Reputation: 564
I am running a model using tidymodels
, where split the data by group and run regressions on each individual dataframe. This works well. However, now I also need to bootstrap my results. I'm not sure how to build this into my existing code.
My original code looks something like this:
library(dplyr)
year <- rep(2014:2018, length.out=10000)
group <- sample(c(0,1,2,3,4,5,6), replace=TRUE, size=10000)
value <- sample(10000, replace=T)
female <- sample(c(0,1), replace=TRUE, size=10000)
smoker <- sample(c(0,1), replace=TRUE, size=10000)
dta <- data.frame(year=year, group=group, value=value, female=female, smoker=smoker)
# cut the dataset into list
table_list <- dta %>%
group_by(year, group) %>%
group_split()
# fit model per subgroup
model_list <- lapply(table_list, function(x) glm(smoker ~ female, data=x,
family=binomial(link="probit")))
# predict
pred_list <- lapply(model_list, function(x) predict.glm(x, type = "response"))
I would like to bootstrap with replacement to obtain the bootstrapped predicted values.

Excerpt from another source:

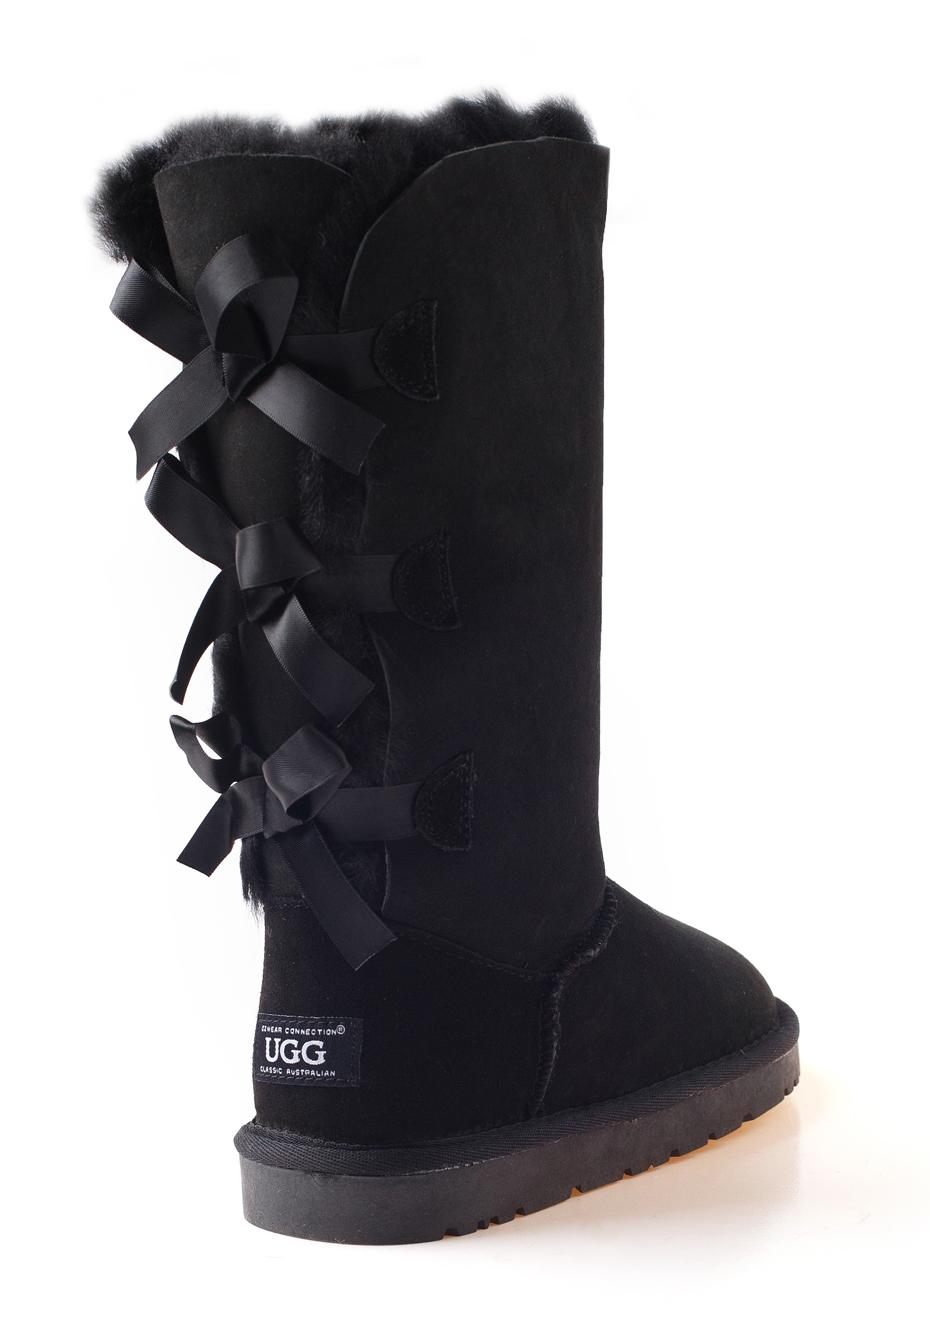 Ozwear - Ugg Three Ribbon Boots Discontinued - Black - Ozwear Uggs - Onceit

My gut feeling is that I should split the dataset further by creating random samples when I create the table_list. But how exactly do I do that?
Thanks for your help.
Upvotes: 0
Views: 370
Reputation: 11623
This is fairly complex, with the grouping and the bootstrapping, so I would probably approach it like this, using map()
two layers deep:
library(tidyverse)
library(tidymodels)
#> Registered S3 method overwritten by 'tune':
#> method from
#> required_pkgs.model_spec parsnip
year <- rep(2014:2018, length.out=10000)
group <- sample(c(0,1,2,3,4,5,6), replace=TRUE, size=10000)
value <- sample(10000, replace=T)
female <- sample(c(0,1), replace=TRUE, size=10000)
smoker <- sample(c(0,1), replace=TRUE, size=10000)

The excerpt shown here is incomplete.